Toxic Degreaser Chemicals – Three Reasons Not to Use Them

If your company works in the industrial sector, industrial cleaners and degreasers are probably a necessity. But that doesn’t mean that you have to endure the effects of dangerous degreaser chemicals. There are thousands of dangerous chemicals found in traditional cleaners and degreasers, some of the most common of which are methyl ethyl ketone, acetone, toluene, glycol ethers, and numerous fluorinated and chlorinated solvents. Until recently, the use of these and other chemicals was necessary to attain high cleaning power. But today, eco friendly solvent supplies offer environmentally preferred solutions that clean as well or better than their toxic counterparts. If you currently use toxic cleaners, switching to environmentally preferred cleaners could do more than save the environment; it could also save your company. Below, examine three reasons why.

The Danger of Hazardous Air Pollutants

Hazardous Air Pollutants (HAPs) are chemicals that evaporate from toxic solutions, harming both the environment and the health of those who inhale them. Some companies attempt to negate HAPs by implementing a superior ventilation system. But if a toxic solution can be smelled-and it always can be-then the presence of HAPs is still there. In the short term, HAPs decrease productivity by causing respiratory distress, vertigo, and stomach sickness. But in the long-term, chronic conditions and illnesses caused by prolonged exposure to HAPs can lead to lawsuits damage a company’s finances and reputation.
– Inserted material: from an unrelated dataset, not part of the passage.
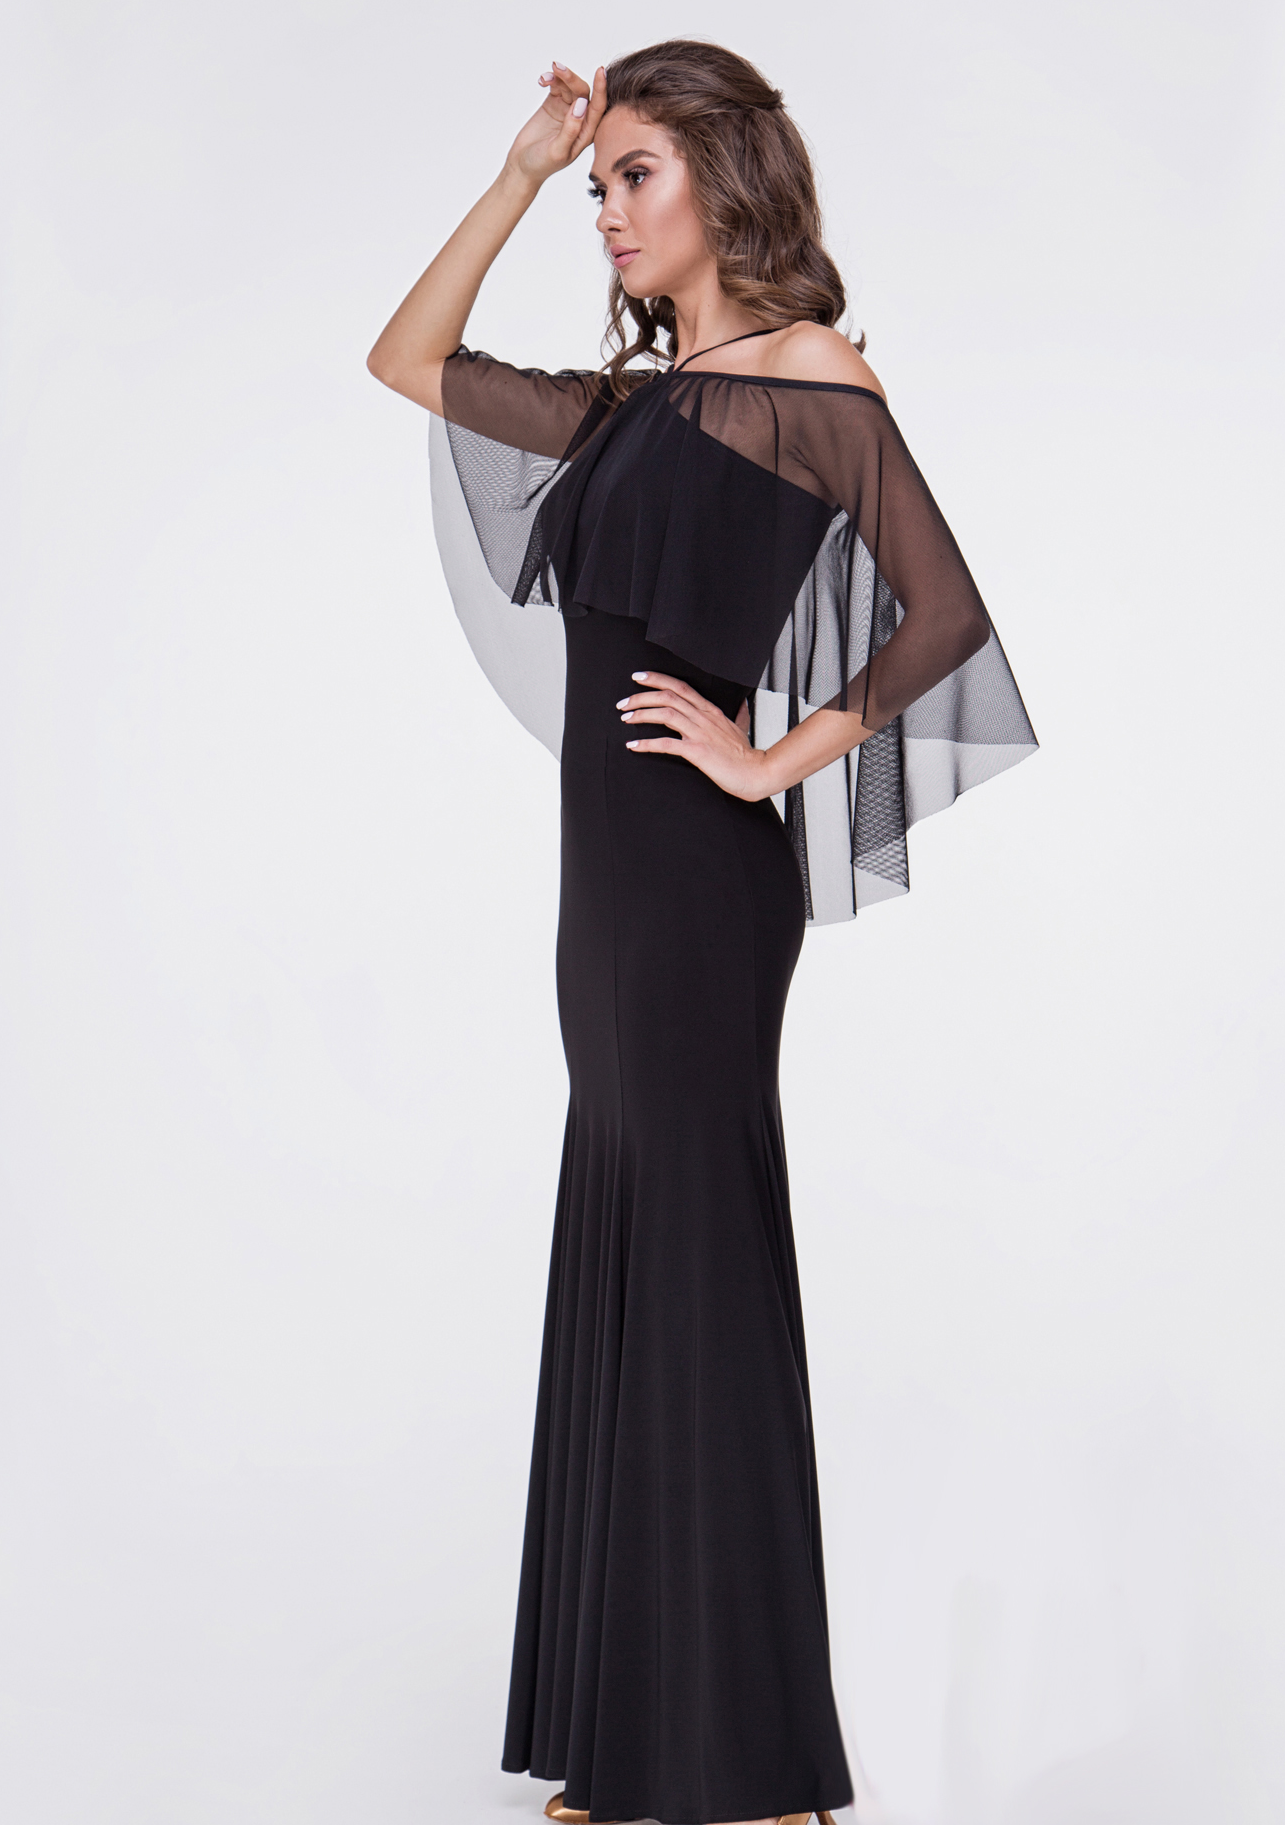 mesh ruffles and cold shoulder details on black ballroom dress

If you don’t think that toxic material can come back to haunt companies that use them, remember the asbestos debacle, which was costly enough to put some companies out of business.

The Collateral Expense of Toxic Chemicals

Some companies continue to use toxic degreaser chemicals because environmentally safe degreasers cost more. But when you calculate the cost of chemical waste removal, using a fully organic biodegradable degreaser can result in a lower chemical waste disposal bill that saves more money than buying cheaper toxic degreasers, especially if a company performs degreasing on a daily basis. Today, most companies are preoccupied with cost savings and their environmental stance. Switching to biodegradable cleaning solutions can improve both.

The Threat of EPA Regulations

Even if you decide to keep using toxic cleaners, the EPA will eventually regulate or prohibit their use in industrial and commercial settings by regulating or prohibiting one or more or the chemicals they contain. EPA regulations are announced well in advance of their effective dates to allow companies to research appropriate replacements. Companies that fail to do so end up in two unenviable situations: they have a stock of toxic cleaner that they can no longer use or use in sufficient quantities, and they’re forced to implement one or more replacement solutions with no research in place.